Script Generation for Grid Searches

The thing with scientific discovery is that, sometimes, you need to do a lot of experiments before a reasonable conclusion. These experiments require minor variations in their configuration and submission, possibly to an SGE-enabled facility for processing.

This guide explains how to use the script jgen, which helps you in generating multiple experiment configurations for your grid searches.

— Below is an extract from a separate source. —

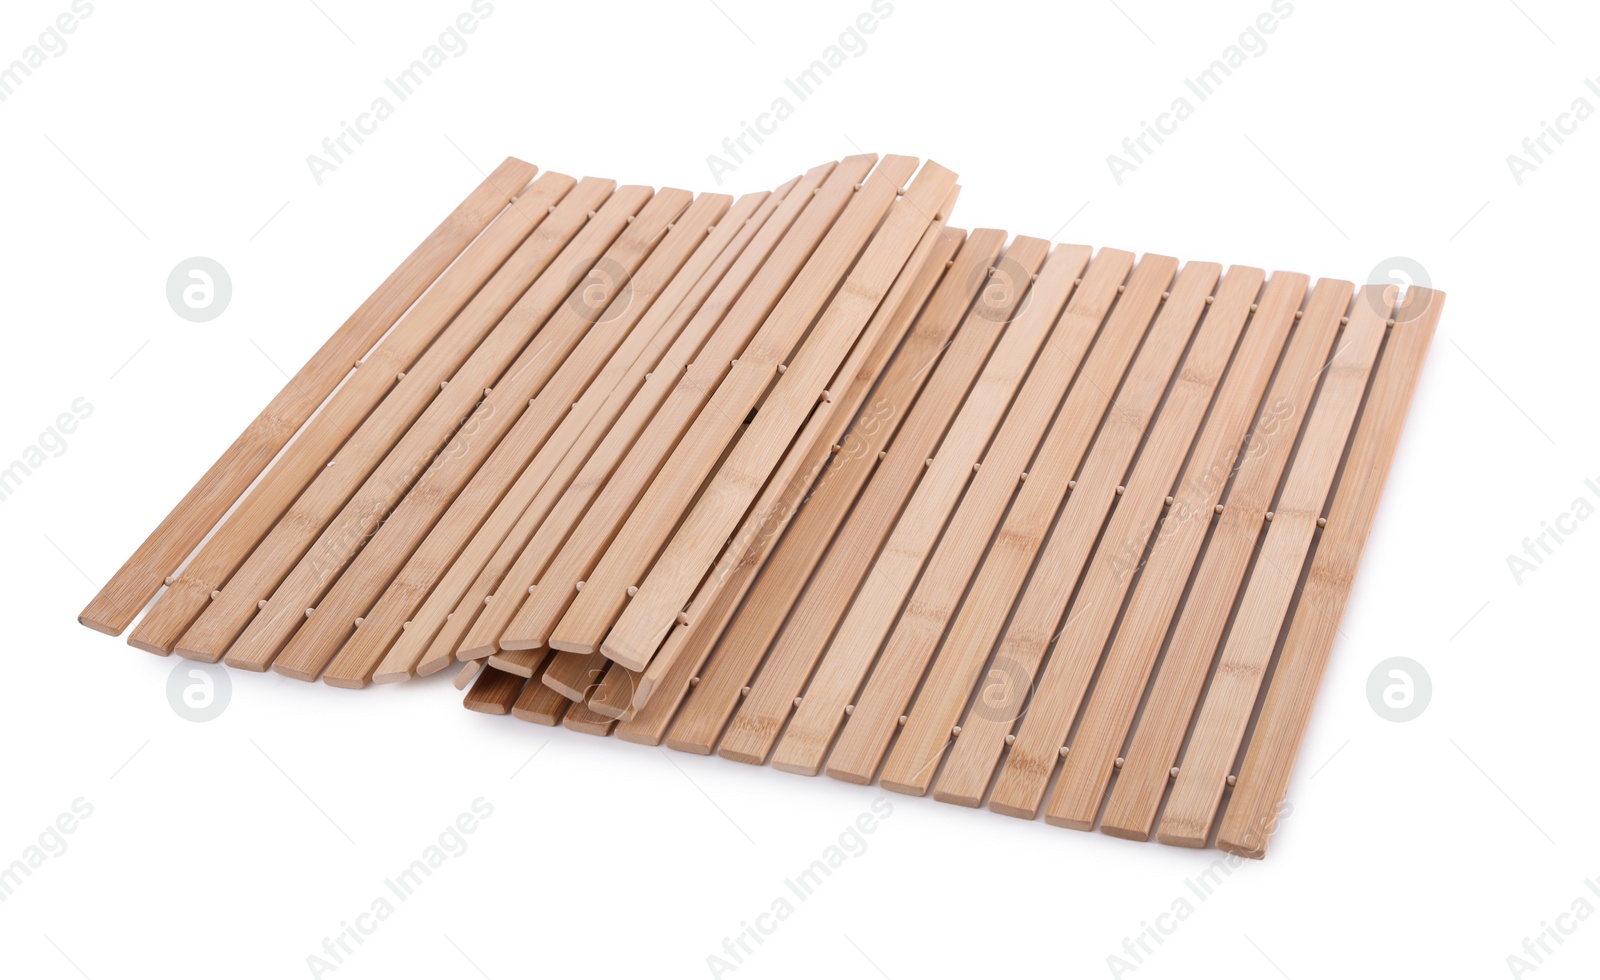 Photo of Bamboo rug isolated on white. Bath accessory
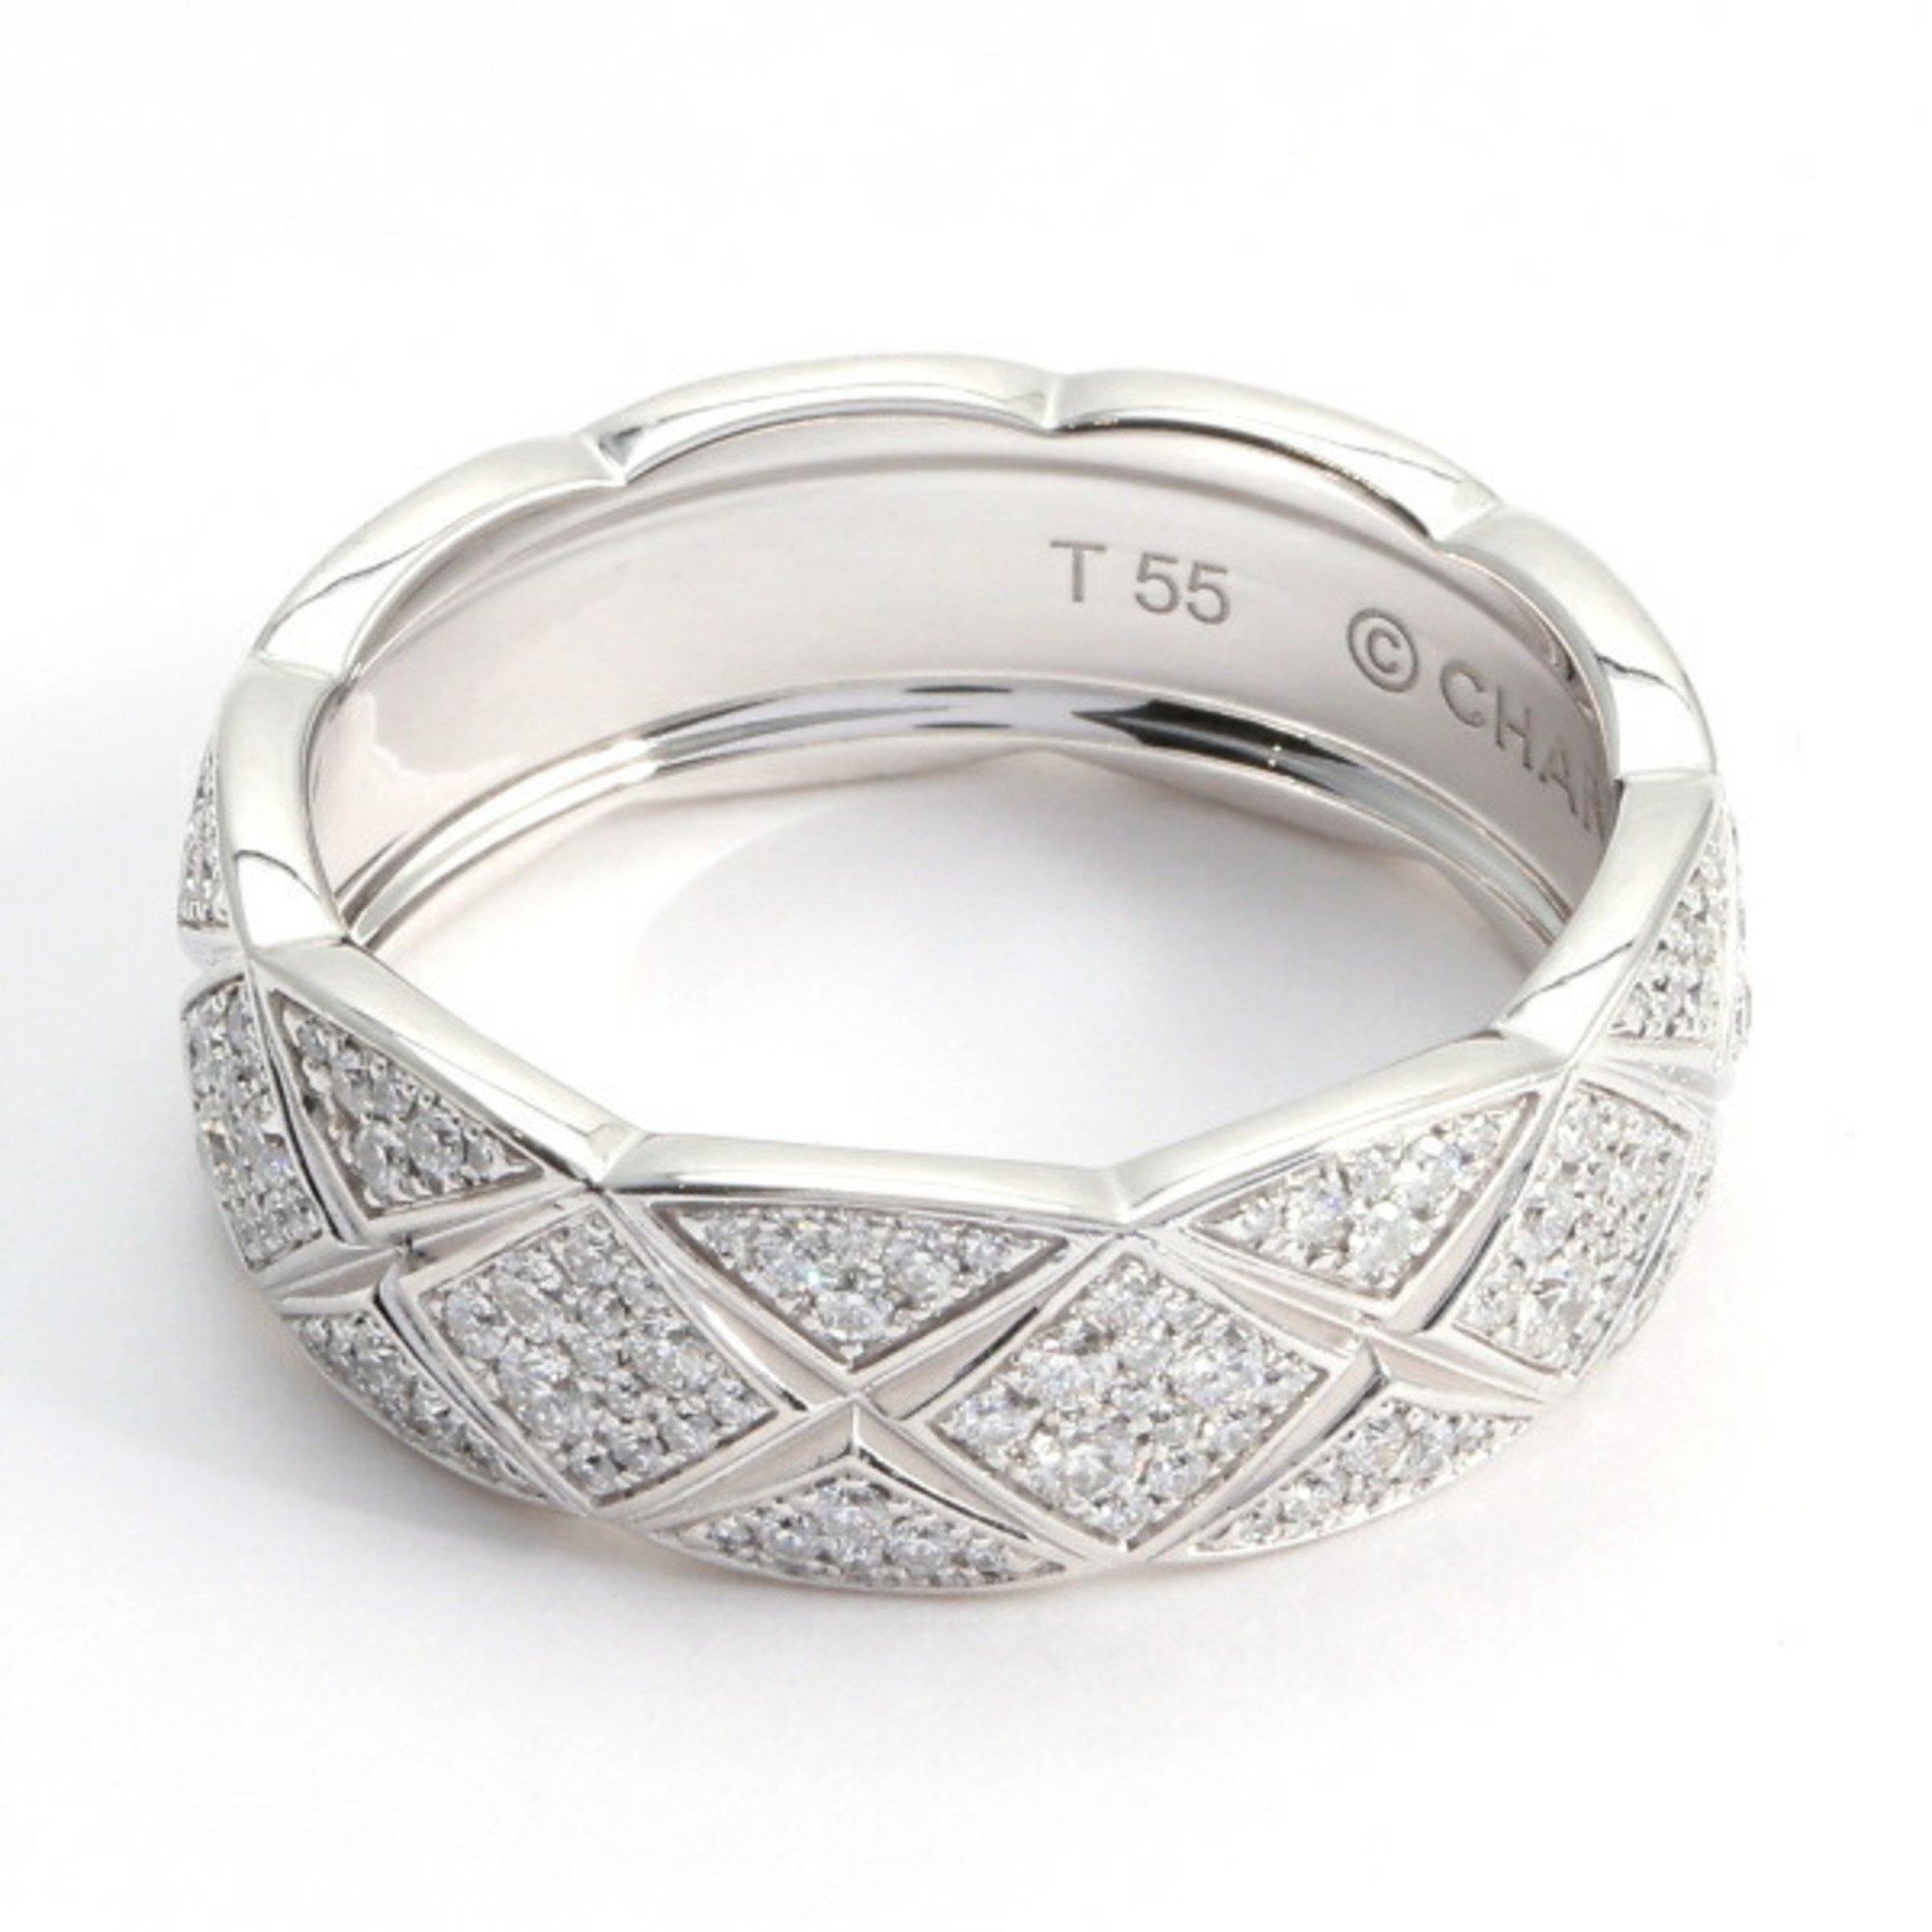 Chanel Coco Crush Medium K18WG White Gold Ring

The system supposes that a single experiment is defined in a single file while multiple experiments can be run by somehow executing sequences of these individual configuration files.

The script jgen takes, in its simplistic form, 3 parameters that explain:

  • The “combinations” of variables that one needs to scan for a search in a YAML file

  • A Jinja2 template file that explains the setup of each experiment

  • An output template that explains how to mix the parameters in your YAML file with the template and generate a bunch of experiment configurations to run

Let’s decrypt each of these inputs.

YAML Input

The YAML input file describes all possible combinations of parameters you want to scan. All root keys that represent lists will be combined in all possible ways to produce, each combination, a “configuration set”.

A configuration set corresponds to settings for all variables in the input template that needs replacing. For example, if your template mentions the variables name and version, then each configuration set should yield values for both name and version.

For example:

name: [john, lisa]
version: [v1, v2]

This should yield to the following configuration sets:

[
  {'name': 'john', 'version': 'v1'},
  {'name': 'john', 'version': 'v2'},
  {'name': 'lisa', 'version': 'v1'},
  {'name': 'lisa', 'version': 'v2'},
]

Each key in the input file should correspond to either an object or a YAML list. If the object is a list, then we’ll iterate over it for every possible combination of elements in the lists. If the element in question is not a list, then it is considered unique and repeated for each generated configuration set. Example

name: [john, lisa]
version: [v1, v2]
text: >
   hello,
   world!

Should yield to the following configuration sets:

[
  {'name': 'john', 'version': 'v1', 'text': 'hello, world!'},
  {'name': 'john', 'version': 'v2', 'text': 'hello, world!'},
  {'name': 'lisa', 'version': 'v1', 'text': 'hello, world!'},
  {'name': 'lisa', 'version': 'v2', 'text': 'hello, world!'},
]

Keys starting with one _ (underscore) are treated as “unique” objects as well. Example:

name: [john, lisa]
version: [v1, v2]
_unique: [i1, i2]

Should yield to the following configuration sets:

[
  {'name': 'john', 'version': 'v1', '_unique': ['i1', 'i2']},
  {'name': 'john', 'version': 'v2', '_unique': ['i1', 'i2']},
  {'name': 'lisa', 'version': 'v1', '_unique': ['i1', 'i2']},
  {'name': 'lisa', 'version': 'v2', '_unique': ['i1', 'i2']},
]

Jinja2 Template

This corresponds to a file that will have variables replaced for each of the configuration sets generated by your YAML file. For example, if your template is a python file that uses the variables this way:

#/usr/bin/env python

print('My name is {{ name }}')
print('This is {{ version }}')

Then, jgen will generate 4 output files each with combinations of name and version as explained above.

Output filename template

This is the same as the Jinja2 template, in the sense it has the same build rules, but it is just a string, describing the path in which the extrapolated configurations, when combined with the template, will be saved. It may be something like this, considering our example above:

output-dir/{{ name }}-{{ version }}.py

With all those inputs, the jgen command will look like this:

$ jgen variables.yaml template.py 'output-dir/{{ name }}-{{ version }}.py'

Generating Aggregations

When you generate as many files you need to run, it is sometimes practical to also generate an “aggregation” script, that makes running all configurations easy. For example, one could think of a bash script that runs all of the above generated python scripts. We call those “aggregations”. When aggregating, you iterate over a specific variable called cfgset, which contains the dictionaries for each configuration set extrapolation. For example, an aggregation would look like this:

#/usr/bin/env bash

{% for k in cfgset %}
python output-dir/{{ k.name }}-{{ k.version }}.py
{% endfor %}

Which would then generate:

#/usr/bin/env bash

python output-dir/john-v1.py
python output-dir/john-v2.py
python output-dir/lisa-v1.py
python output-dir/lisa-v2.py

With this generated bash script, you could run all configuration sets from a single command line.

The final command line for jgen, including the generation of specific configuration files and the aggregation would look like the following:

$ jgen variables.yaml template.py 'output-dir/{{ name }}-{{ version }}.py' run.sh 'output-dir/run.sh'

Automatic injection of variables

Sometimes you want to use variables that are user specific in your jinja templates; For example, a temp directory that can be different for other users. To allow this, jgen automatically injects bob.extension.rc (see Global Configuration System) into your variables. Then, you can access bob.extension.rc using something like: rc.variable_name to access variables from it in your jinja templates.